The Nutz Poker League has been a popular outlet for poker players in Florida since its inception three years ago. The Nutz Poker League – like many other similar free poker leagues across the United States – are paid by an establishment to come in to operate the free tournaments. For the winners of these tournaments, gift certificates, pre-paid Visa cards or (for larger events) trips to Las Vegas are awarded. It is these prizes that apparently have sparked the interest of Florida’s legal eagles in pushing the investigation, raid and arrests.
Wang quotes Pinellas-Pasco Assistant State Attorney Joshua Riba as stating that the free leagues do violate the state’s gaming laws. “If they are playing cards, and they have an opportunity to win something of value, then they are technically violating (gambling statutes),” Riba is quoted by Wang. “The statute itself does not require anybody to ante in,” Riba finished, indicating that the operation of free leagues, while not requiring players to put up anything to play, violate the law by offering prizes.
Perhaps at question as well is the reasonings for the free poker leagues to be in operation in the bars, restaurants and clubs in the first place.
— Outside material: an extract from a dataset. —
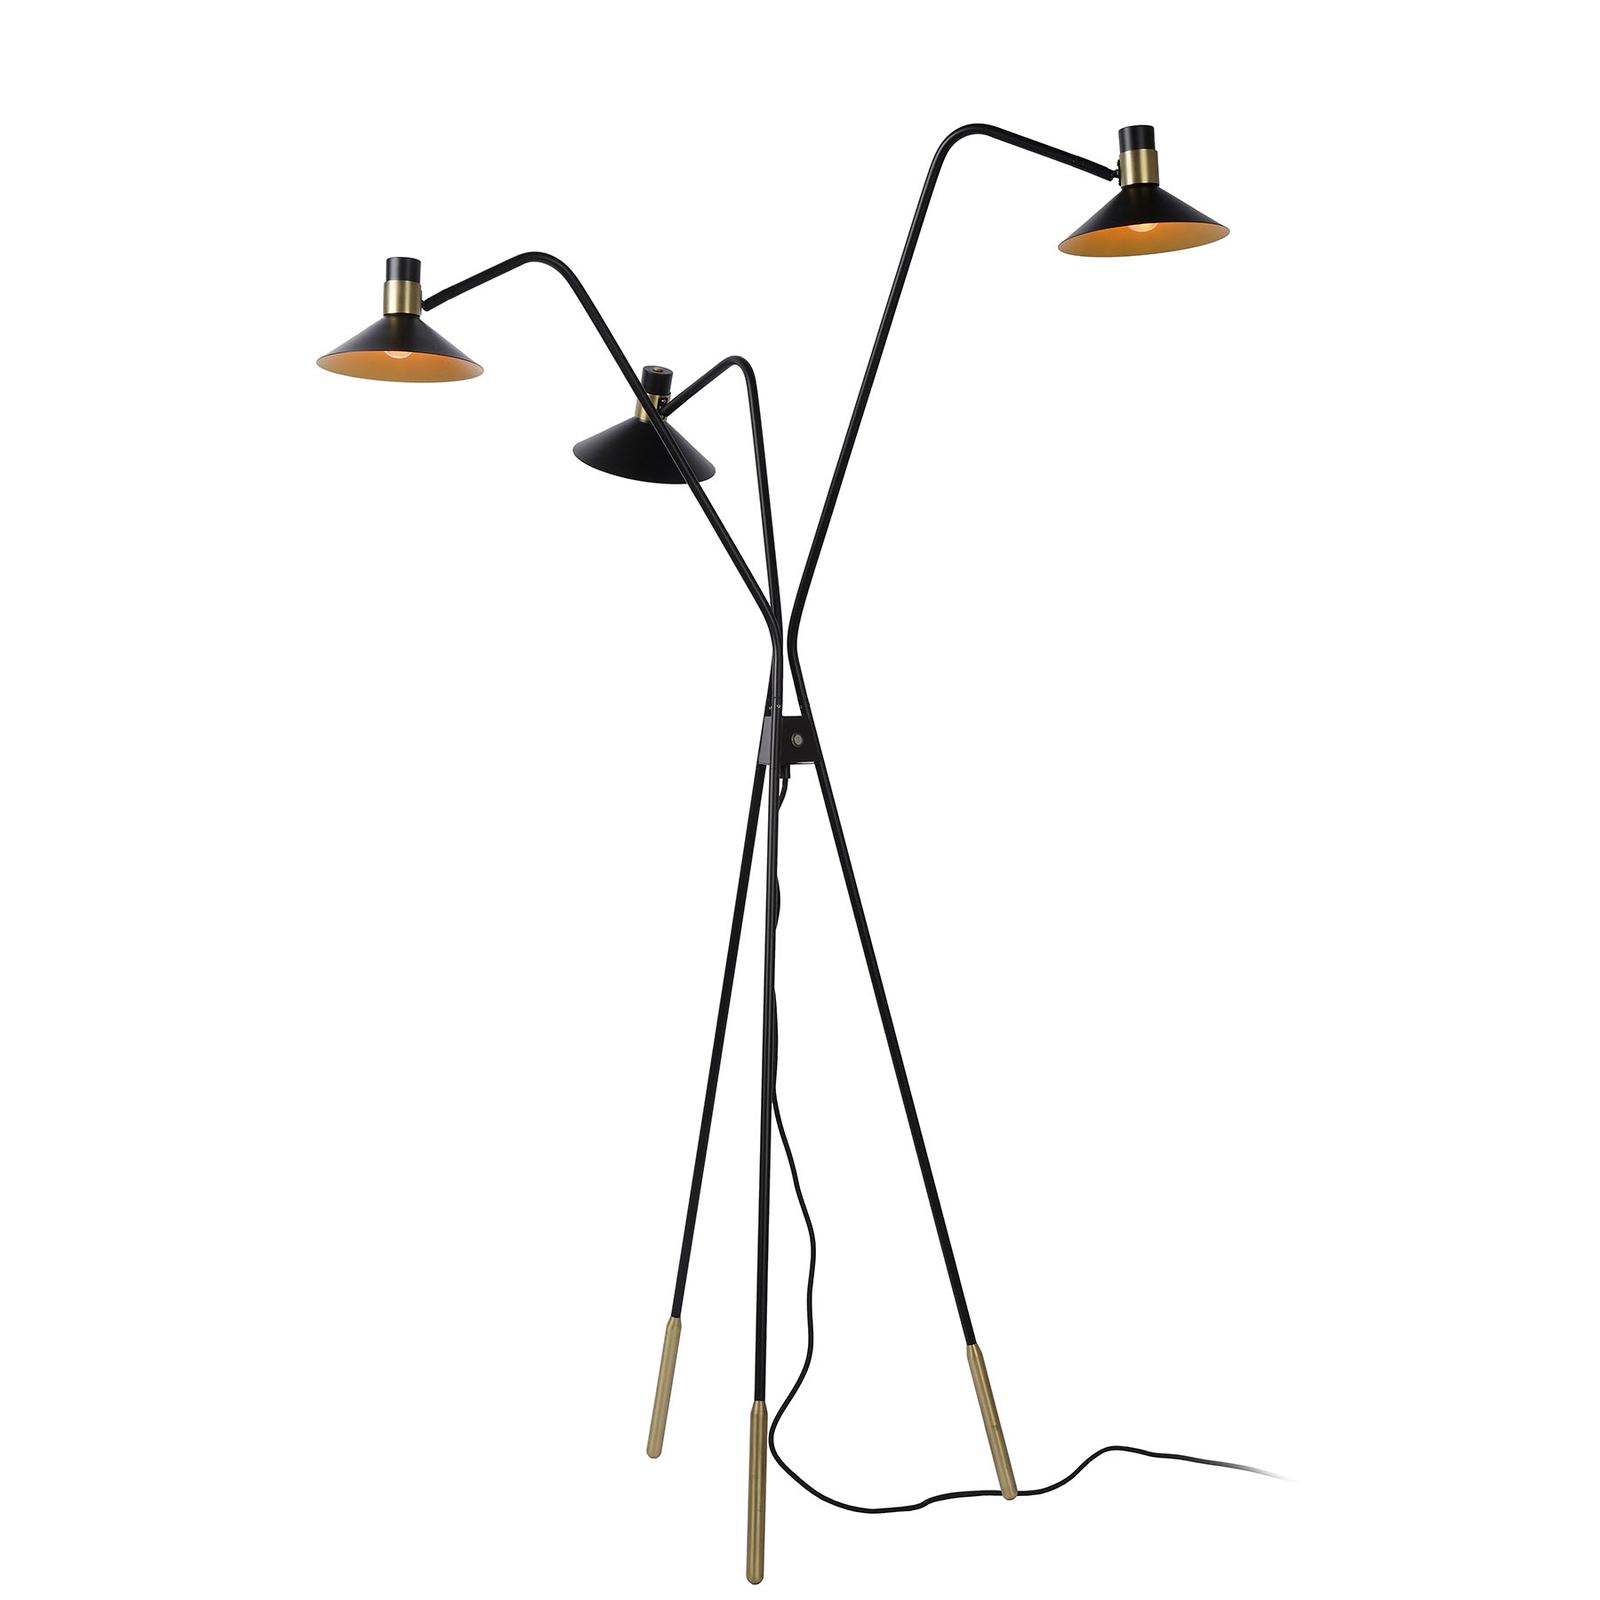 Vloerlamp Pepijn in zwart en goud, 3-lamps
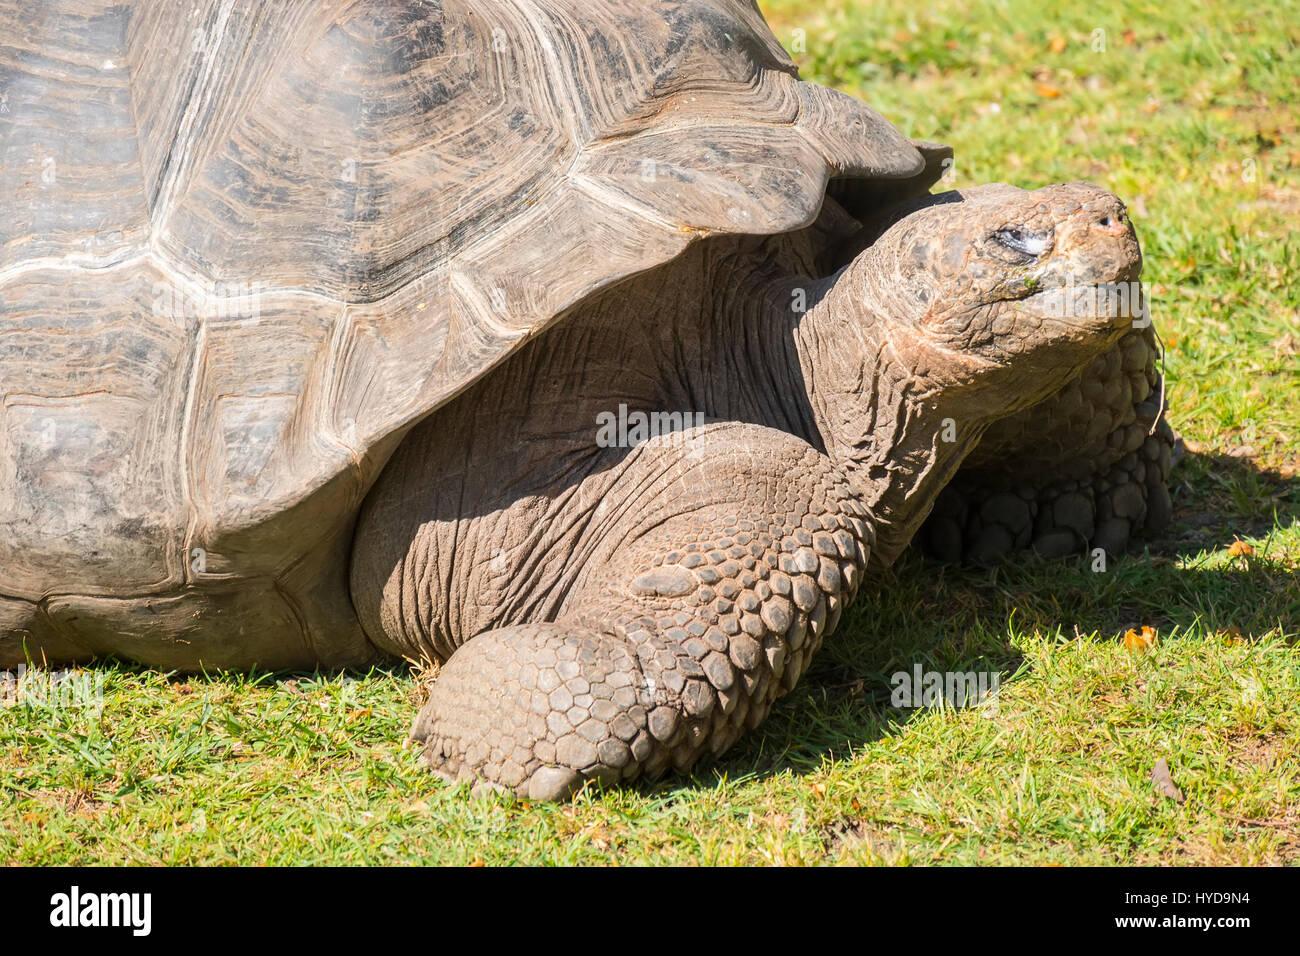 Giant tortoise basking in the sun, Tortoise Aldabra giant - Stock Image

While not requiring the participants to pay to play poker, the businesses are bringing in these free poker leagues to drive up clientele, with the potential for better sales of food and drinks to boost the business’ profits. This could be construed as a “buy in” of sorts for players participating in the leagues and, as such, could violate the state laws.
Those arrested in the raid were contacted by Wang and, for the most part, were not willing to make statements on their arrests. Louie’s owner Louis Karamanos did state to Wang he wasn’t a part of the poker league and felt “violated” by his arrest. The owner and employees of the Nutz Poker League declined to speak, but the league issued a statement yesterday that said, “These innocent activities should not be the target of tyrannical enforcement and these matters will be defended vigorously, with the goal of swiftly resuming this lawful and beneficial activity.”
The aftermath of the raid in Tampa has pushed the two other poker operations in the city to action, albeit along different courses. One, Treasure Chest Poker, has looked for clarification on the laws from local officials. The other, Free Poker Nights of Tampa, attempted to capitalize on the Nutz Poker League’s current entanglement with the law, leaving fliers at a bar where the Nutz Poker League operated, according to Wang.
It doesn’t appear that the situation regarding free poker play in Florida will be resolved soon. Marc Dunbar, a Florida State University college professor that teaches gaming law, offered his opinion to Wang that the poker laws in the state aren’t well understood or well enforced. He also said that Florida lacks an official state agency to help out local police when it comes to such statutes. Meanwhile, it seems that all the free poker leagues in Tampa will continue on; after taking a break following their arrests, the Nutz Poker League resumed games yesterday, according to Wang.